Linux command
streambed 命令
网络
需要网络或远程资源。
常用示例
Sync
streambed sync --source-url=[postgres://user:pass@host:5432/db] --s3-bucket=[bucket] --s3-endpoint=[https://s3] --s3-prefix=[path] --query-addr=:5433
Backfill
streambed resync --source-url=[postgres://...] --s3-bucket=[bucket] --s3-prefix=[path]
Serve queries
streambed query --s3-bucket=[bucket] --s3-prefix=[path] --query-addr=:5433
Delete
streambed cleanup --s3-bucket=[bucket] --s3-prefix=[path] --table=[name]
Inspect
streambed sync --help
说明
streambed is a change data capture (CDC) tool written in Go. It tails the PostgreSQL write-ahead log using logical replication, writes the resulting changes as Parquet files to S3, and commits Apache Iceberg metadata so the data is queryable as a versioned analytical table. The `sync` subcommand runs as a long-lived daemon and can optionally expose a query endpoint compatible with the PostgreSQL wire protocol, so existing Postgres clients can read Iceberg tables without changes. `resync` performs a one-shot backfill under a consistent snapshot using `COPY`. `query` runs the wire-protocol server alone against tables that were already populated. `cleanup` deletes S3 objects and tracking state for a given table. Streambed targets the use case of offloading analytical workloads from a production Postgres instance to an Iceberg-on-S3 lakehouse while still letting tools that speak the Postgres protocol query the result.
参数
- sync
- Stream WAL changes, write Iceberg, optionally serve queries.
- resync
- One-shot backfill via `COPY` under a consistent snapshot.
- query
- Postgres-wire query server for existing Iceberg tables.
- cleanup
- Delete S3 objects and state for a table.
- --source-url _URL_
- Postgres connection string (or `STREAMBED_SOURCE_URL`).
- --s3-bucket _NAME_
- Destination S3 bucket (or `STREAMBED_S3_BUCKET`).
- --s3-endpoint _URL_
- S3 endpoint (use MinIO or other S3-compatible storage).
- --s3-prefix _PATH_
- Key prefix within the bucket.
- --query-addr _HOST:PORT_
- Bind address for the Postgres-wire query server.
FAQ
What is the streambed command used for?
streambed is a change data capture (CDC) tool written in Go. It tails the PostgreSQL write-ahead log using logical replication, writes the resulting changes as Parquet files to S3, and commits Apache Iceberg metadata so the data is queryable as a versioned analytical table. The `sync` subcommand runs as a long-lived daemon and can optionally expose a query endpoint compatible with the PostgreSQL wire protocol, so existing Postgres clients can read Iceberg tables without changes. `resync` performs a one-shot backfill under a consistent snapshot using `COPY`. `query` runs the wire-protocol server alone against tables that were already populated. `cleanup` deletes S3 objects and tracking state for a given table. Streambed targets the use case of offloading analytical workloads from a production Postgres instance to an Iceberg-on-S3 lakehouse while still letting tools that speak the Postgres protocol query the result.

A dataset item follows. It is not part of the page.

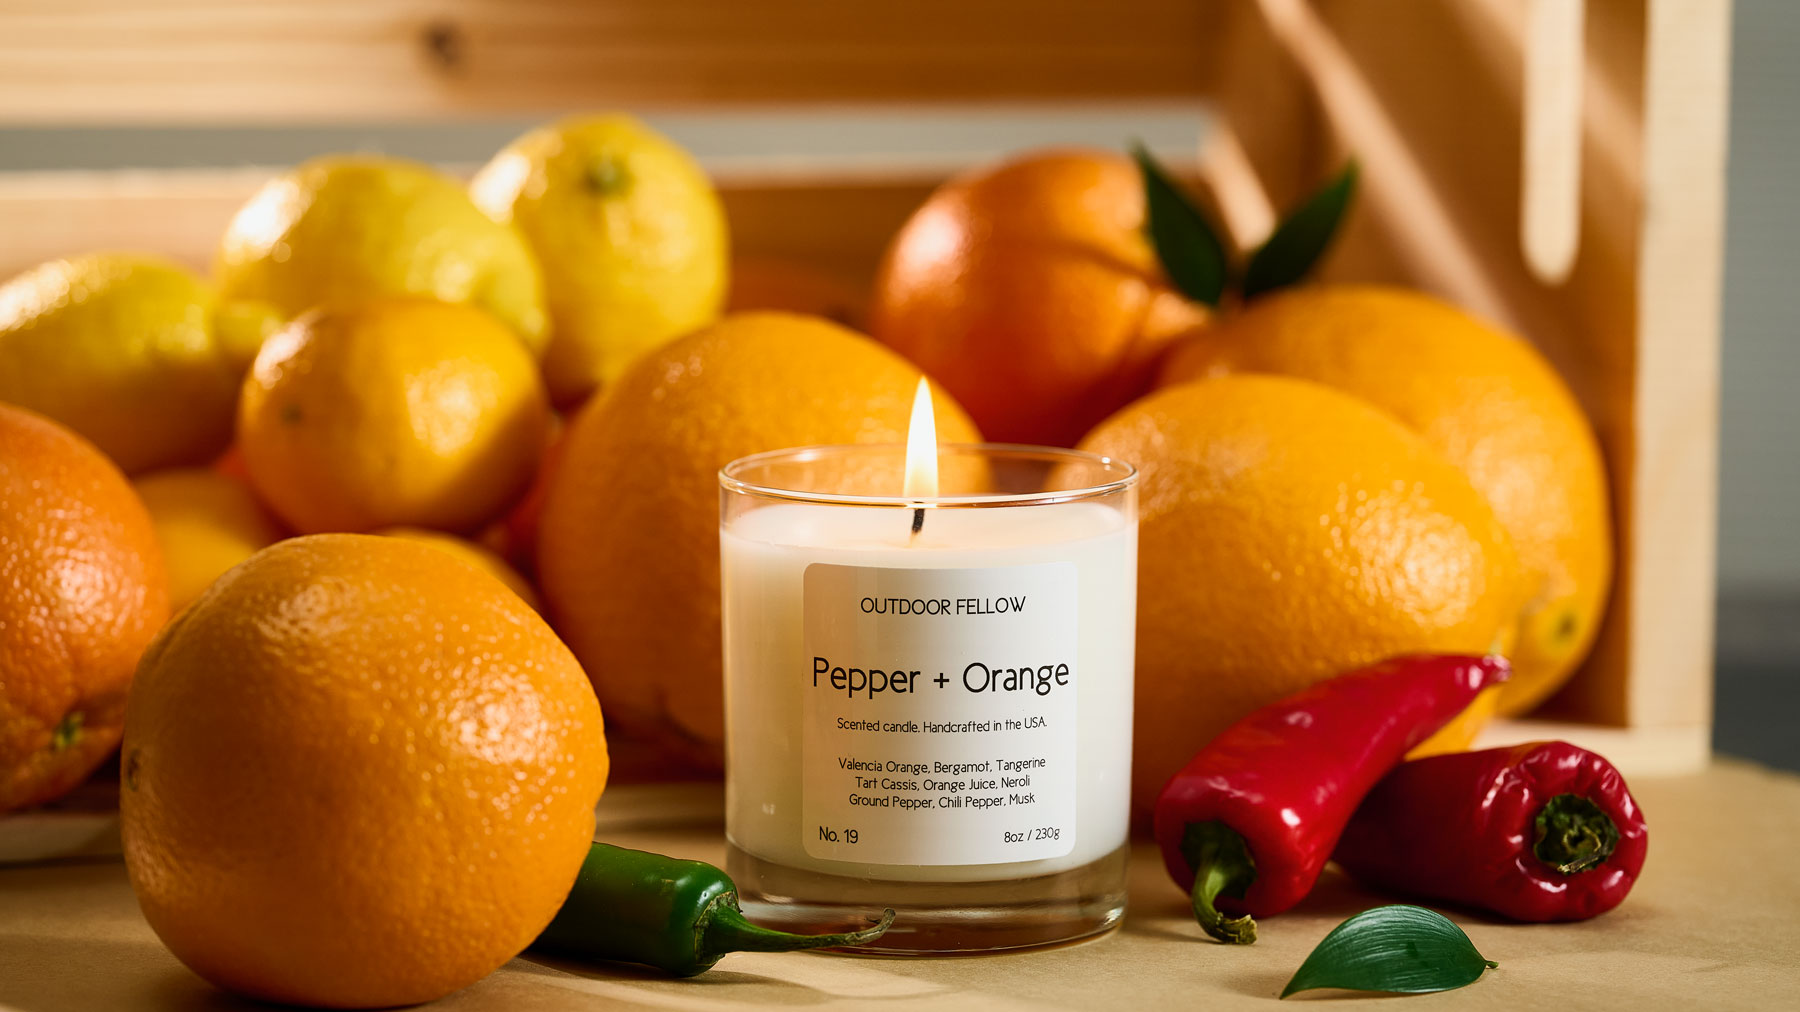 Pepper and Orange scented candle surrounded by oranges and peppers

How do I run a basic streambed example?
Run `streambed sync --source-url=[postgres://user:pass@host:5432/db] --s3-bucket=[bucket] --s3-endpoint=[https://s3] --s3-prefix=[path] --query-addr=:5433` in a terminal, then adjust file names, paths, flags, or remote targets for your system.
What does sync do in streambed?
Stream WAL changes, write Iceberg, optionally serve queries.